EXERCISE DESCRIPTION:
Begin the copy at the line containing "kütt wie et" and end it at the final line of the material below, reproducing each line exactly, without images.

RAW DATA:

※ ※ ※

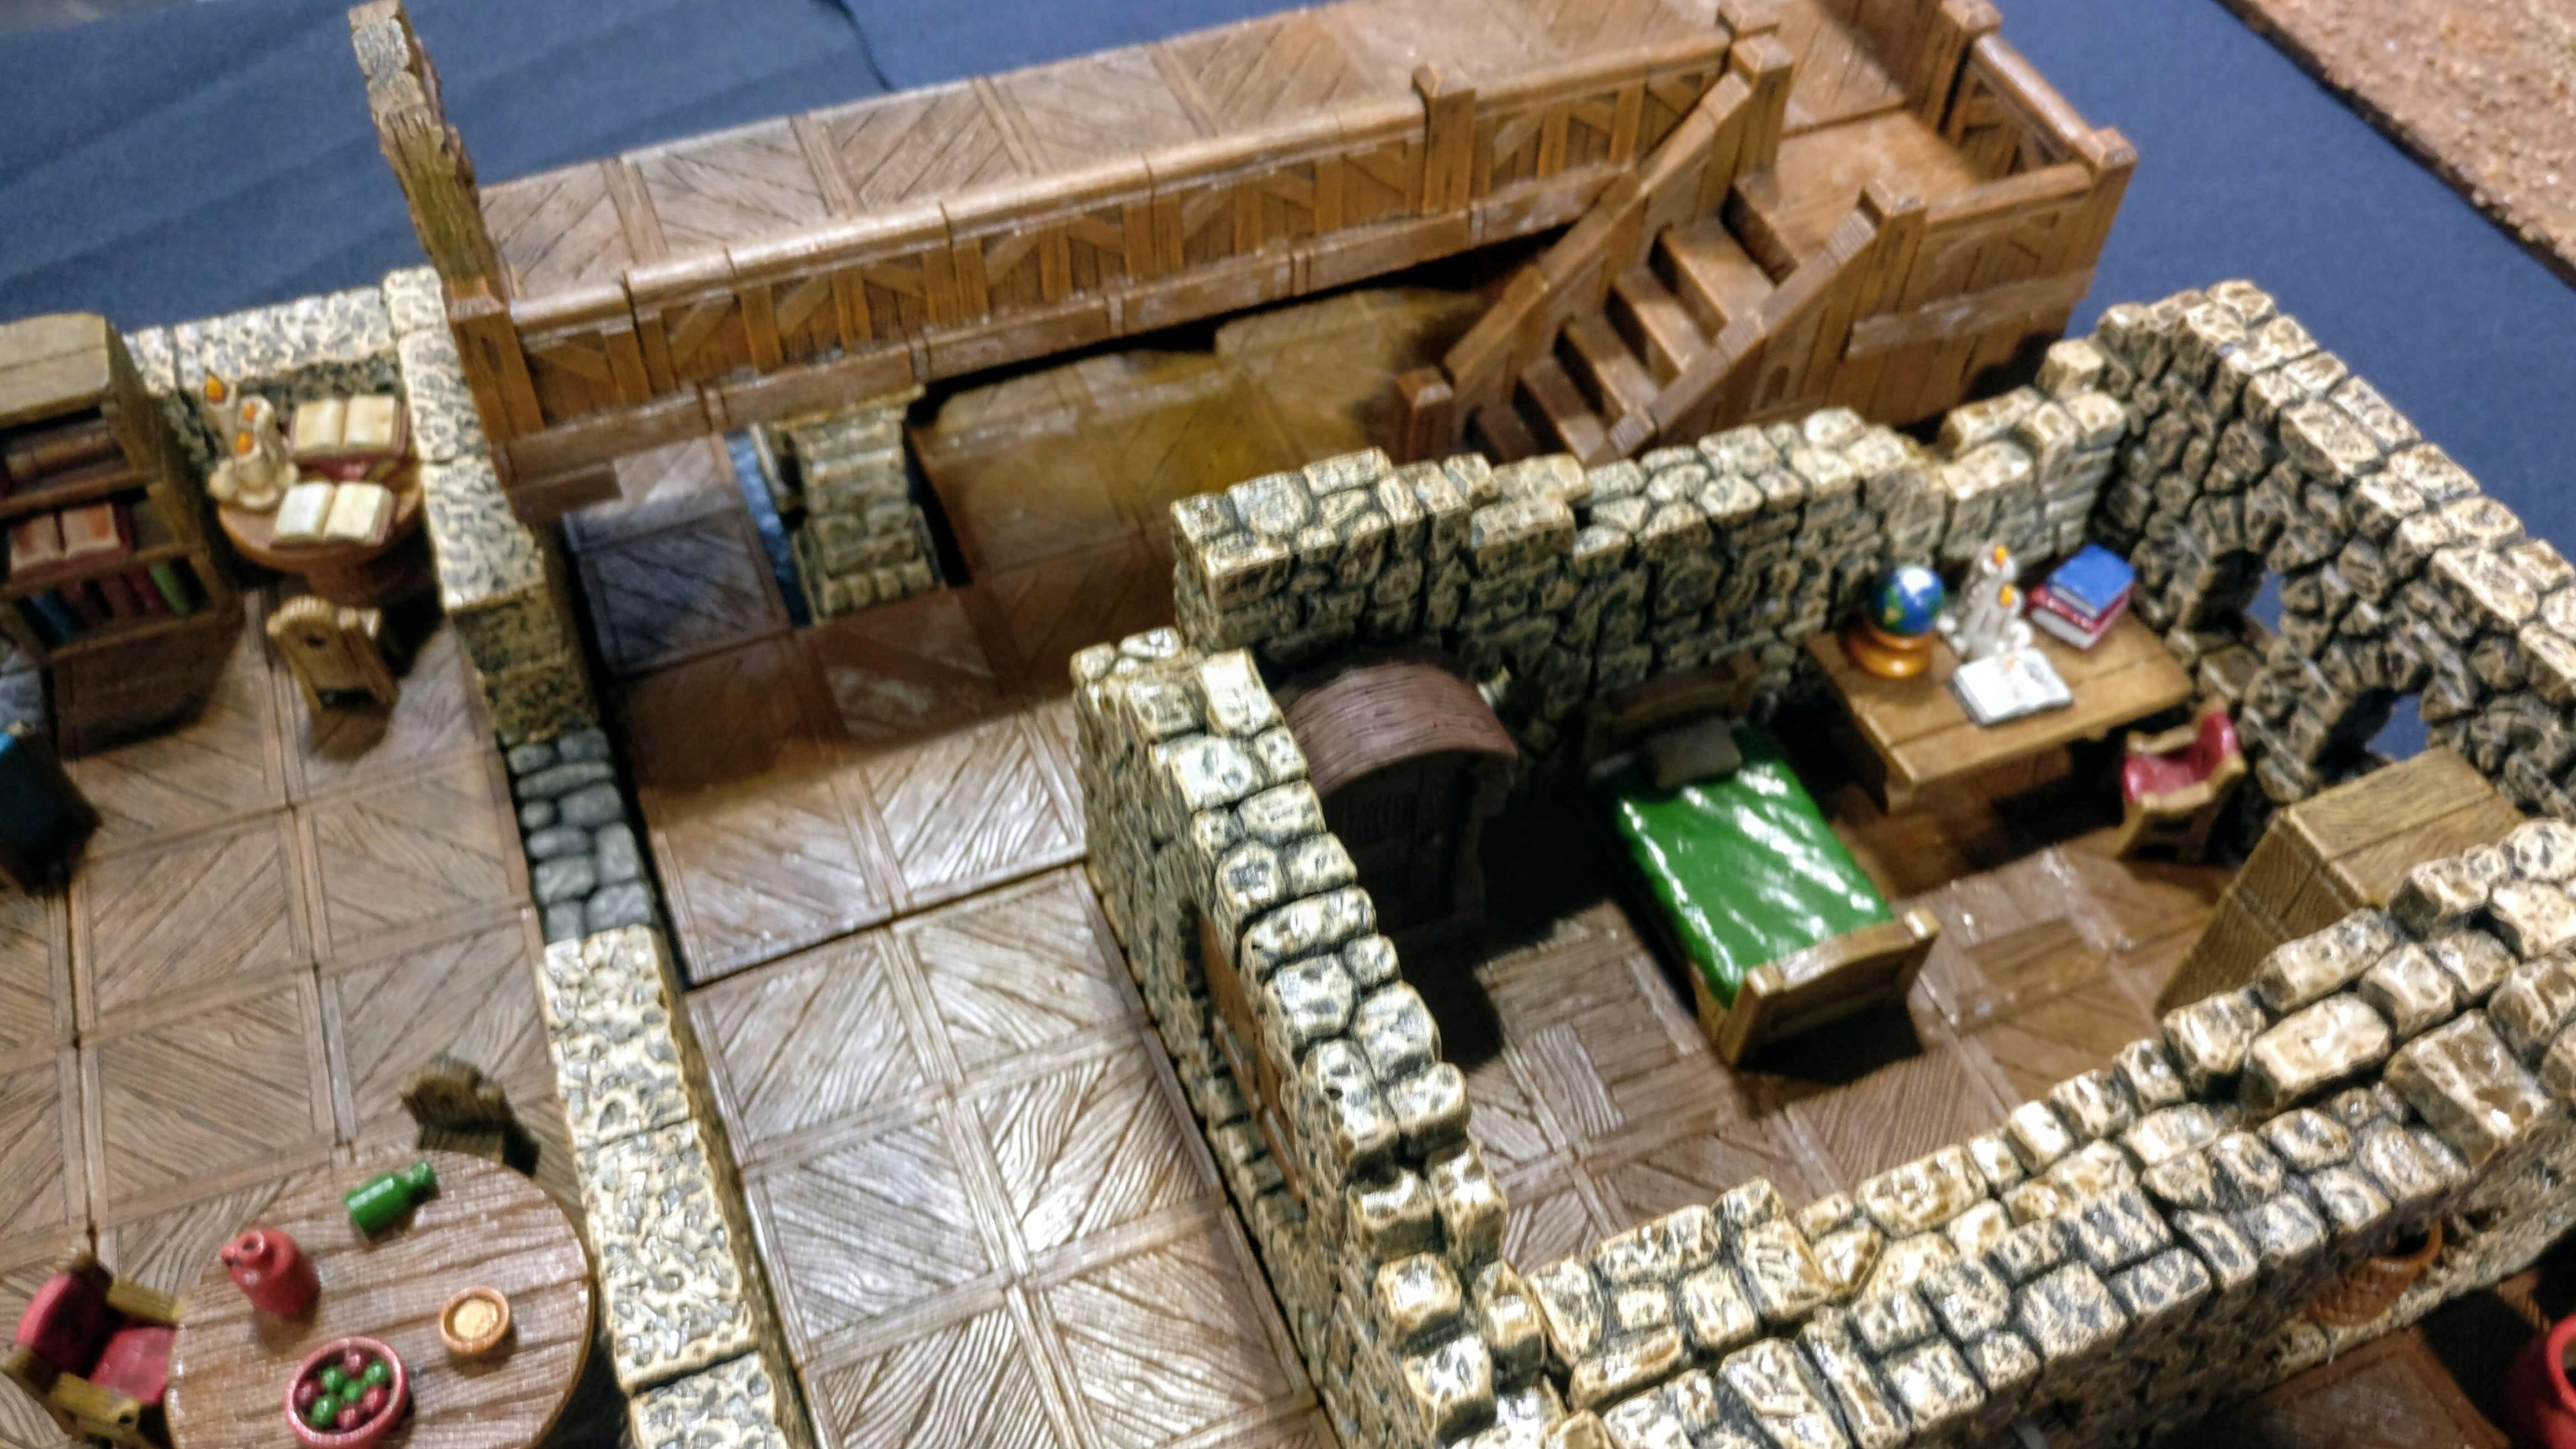 DMB Games' Tavern terrain
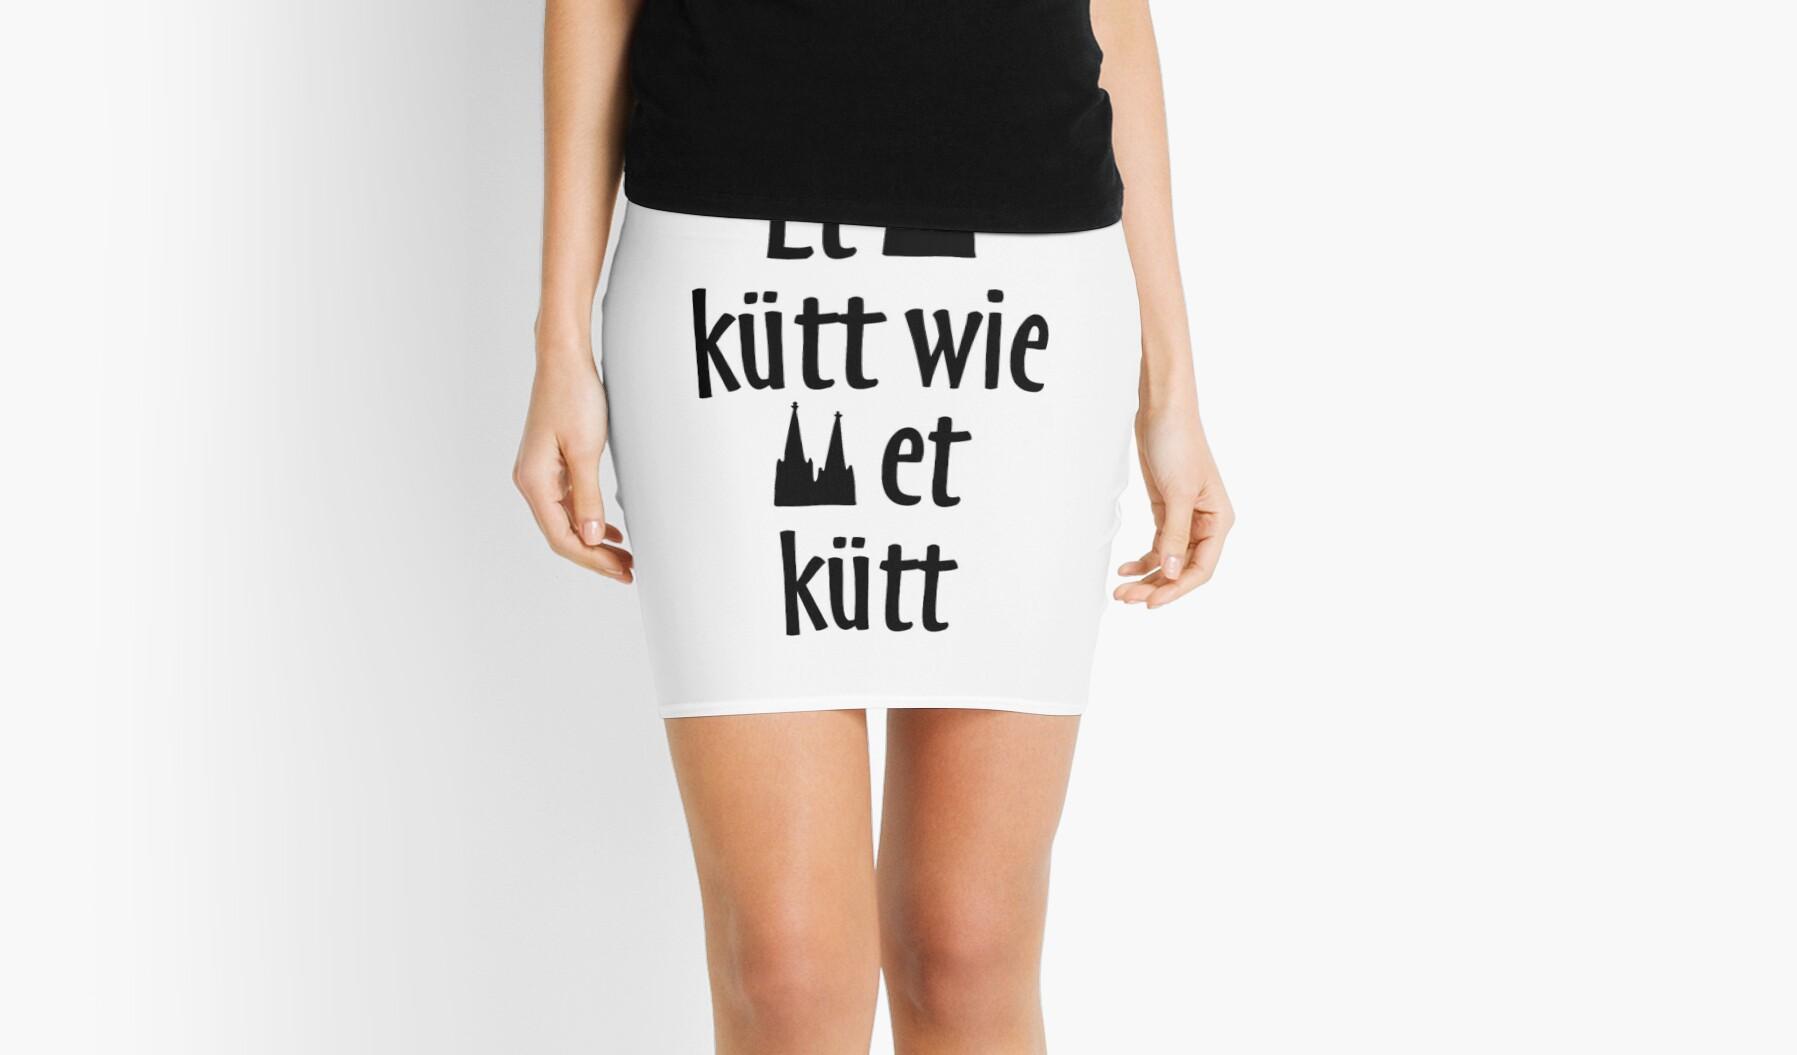 """et kütt wie et kütt - köln spruch kölsche sprüche"""" mini skirts"""
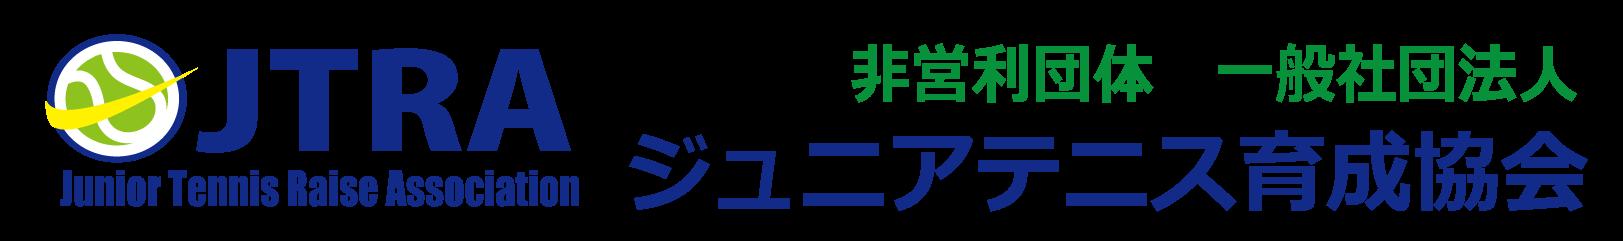 ジュニアテニス育成協会
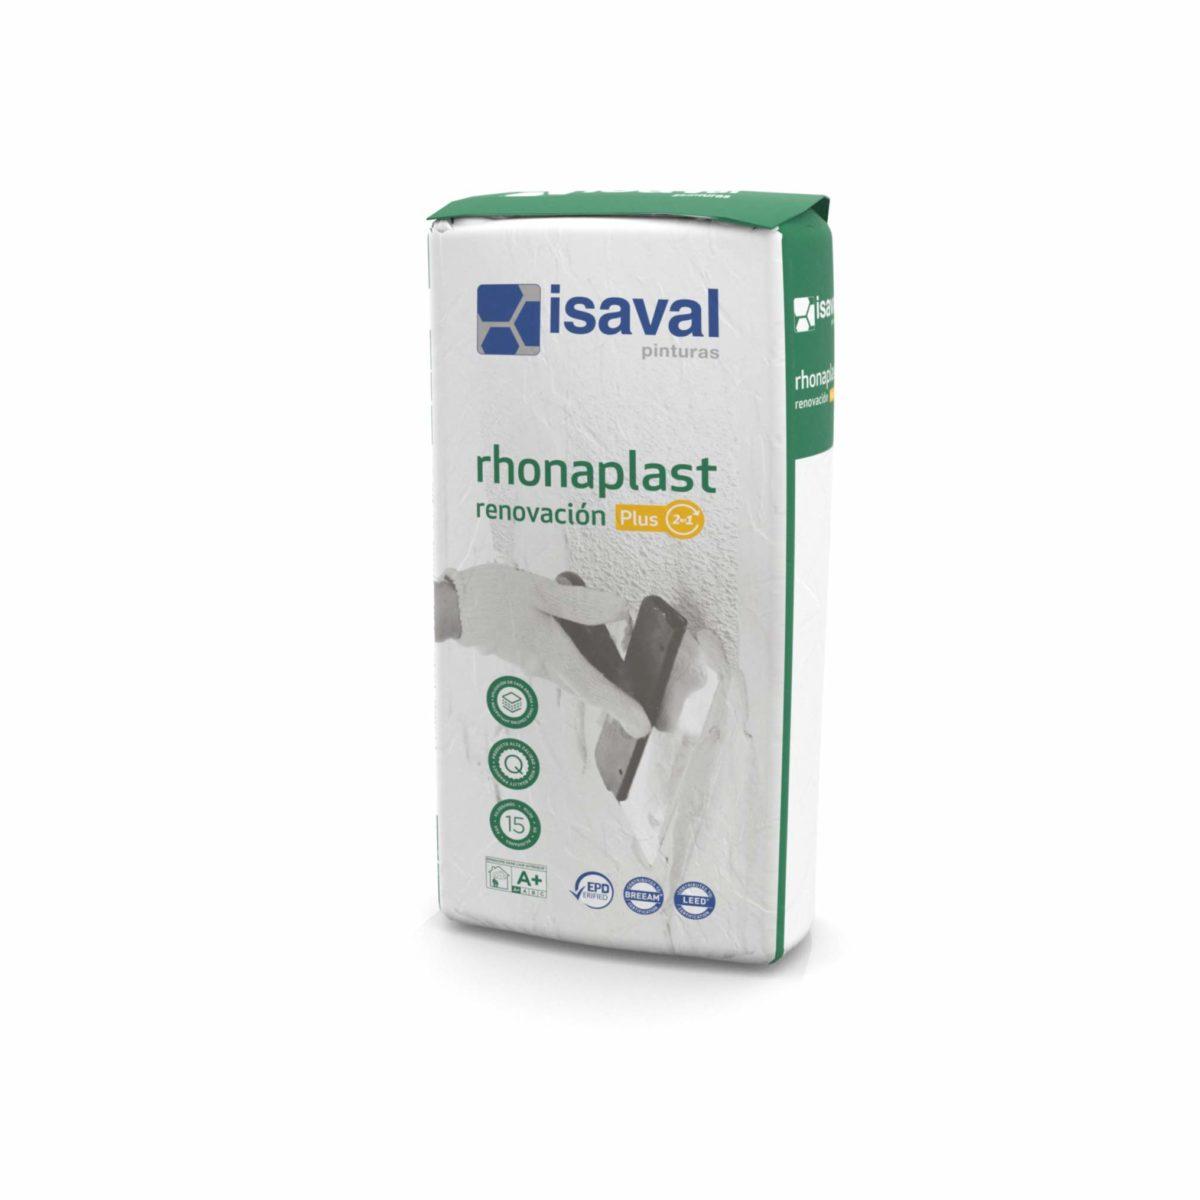 Rhonaplast Renovación PLUS. enlucido regulación 2 en 1 de Pinturas Isaval

※ ※ ※

TASK RESULT:
 """et kütt wie et kütt - köln spruch kölsche sprüche"""" mini skirts"""
 ジュニアテニス育成協会
 Rhonaplast Renovación PLUS. enlucido regulación 2 en 1 de Pinturas Isaval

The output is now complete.